Thursday, February 25, 2016

Not Tony Blackburn!

The most surprising thing about the BBC's alleged sacking of Tony Blackburn was learning that he still worked for them.  I'd just assumed that he'd been pensioned off to some local radio station which played wall-to-wall golden oldies.  I'm still trying to figure out exactly why Blackburn was 'sacked', though.  It all seems to come down to the fact that he denies ever having been interviewed by BBC officials in 1971 over some allegations made by a teenage girl, (who subsequently committed suicide after the News of the World claimed that it had obtained her diary and was going to publish it and all the salacious details of her alleged affair with an unnamed DJ).  Despite there apparently being documentary evidence of these interviews, Blackburn is adamant they never happened, denying that this is a lapse of memory.  Consequently, BBC management have decided that that this proves that he failed to co-operate into the enquiry into the activities of Jimmy Savile and Stuart Hall when they were employed by the BBC, and that this, in turn, demonstrates that his conduct has failed to meet the standards contractually required of him.  Which seems a bit flimsy, I have to say.  Although he might not think that it is a memory lapse, it could well be - there have been several occasions when I've been convinced that some conversation or event that someone else remembers never happened.  Even when confronted with concrete evidence that these things had happened, I still had no recollection of them.

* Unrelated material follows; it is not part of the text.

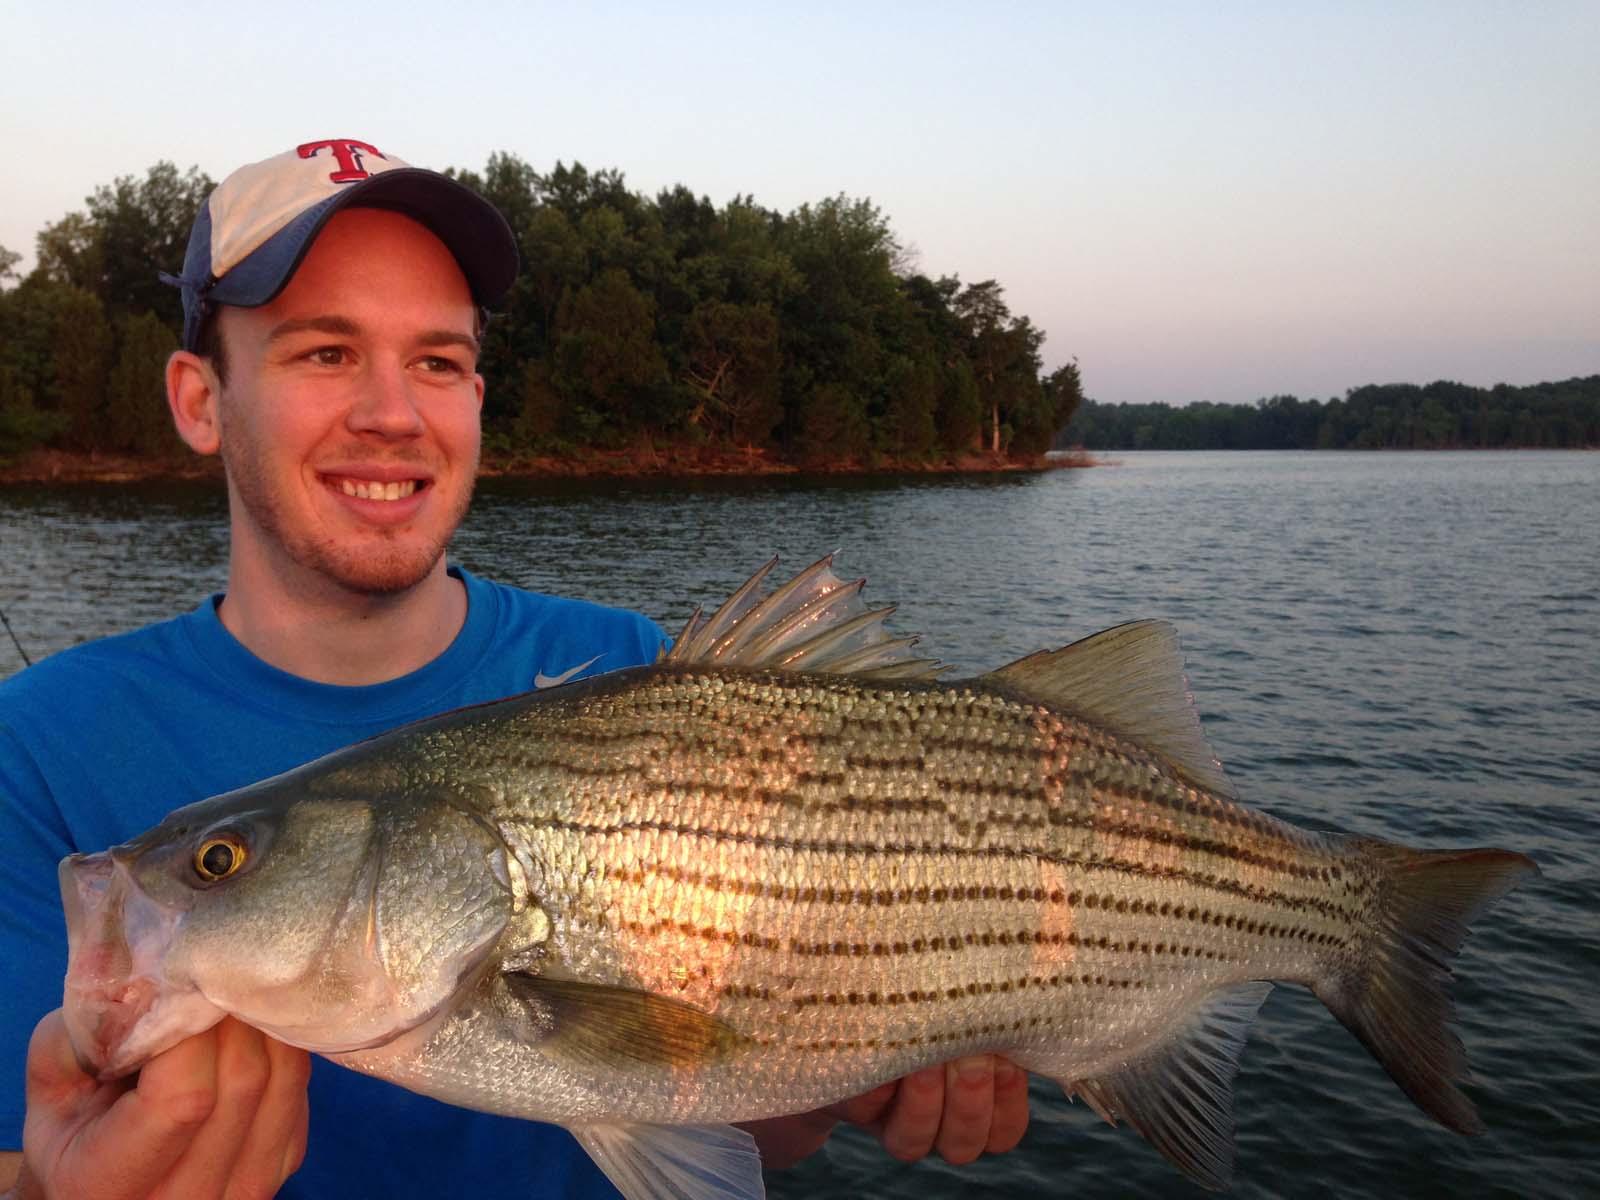 Nashville fishing charters 2 nashville fishing charters for Tims ford lake fishing report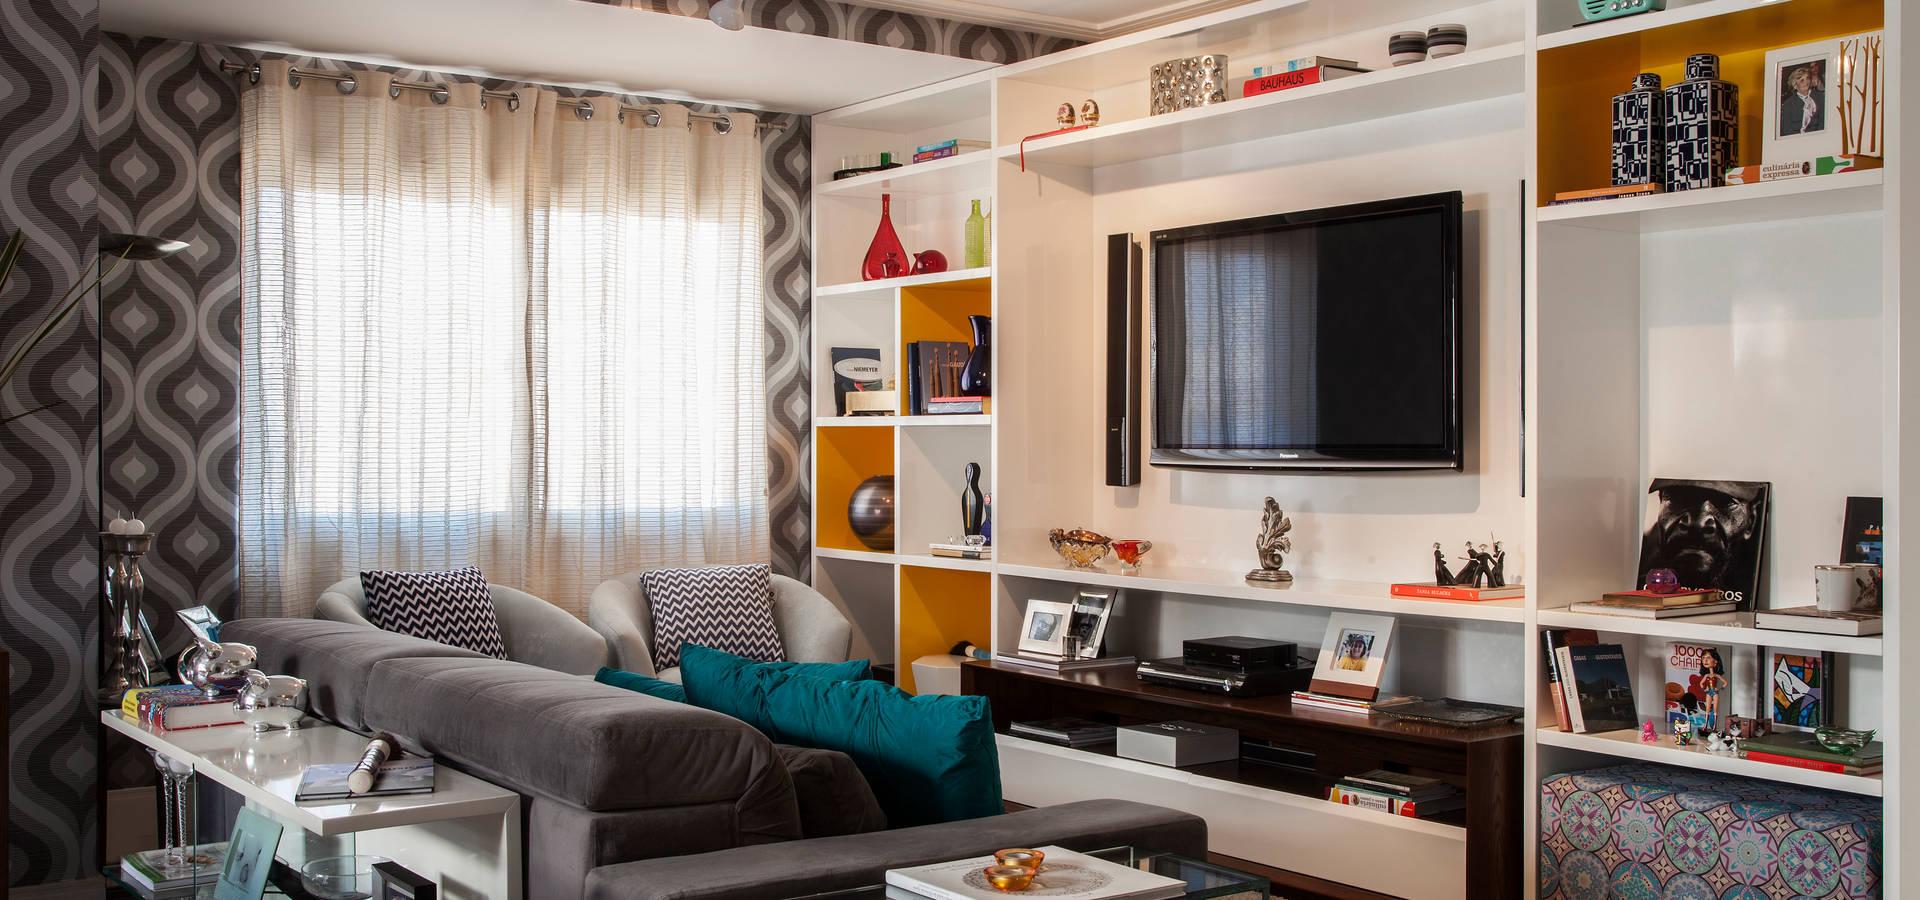 Biarari e Rodrigues Arquitetura e Interiores

I have to say that I have a certain degree of respect for Tony Blackburn, who, up till now, has been one of radio's great survivors.  I remember when he was in his first flush of fame on Radio One back in the early seventies - he wasn't considered cool or trendy even then, yet had huge listening figures.  Perhaps it is the very fact that Blackburn has never been 'with it' or 'down with the youth' which has kept him in the business for so long - far more cringe worthy than a non-trendy radio DJ is one desperately trying to be 'whacky', 'crazy' and 'with it'.  Blackburn has always clearly known that he isn't 'with it' and has succeeded in using that as a strength.  He survived everything and, until now, seemed to have survived the toxic fall out from the Savile affair, which tainted so many of his seventies showbiz contemporaries.  Ironically though, it seems that the pretext being used to finally oust him from the airwaves is actually in regard to an incident of which he was cleared of having any connection to over forty years ago.  But these days it seems that employers need only the slightest pretext to get rid of employees they don't like - thanks to the gradual erosion of workers' rights and employment protections over the years.  And nobody, it seems, is immune from such treatment.  not even Tony Blackburn.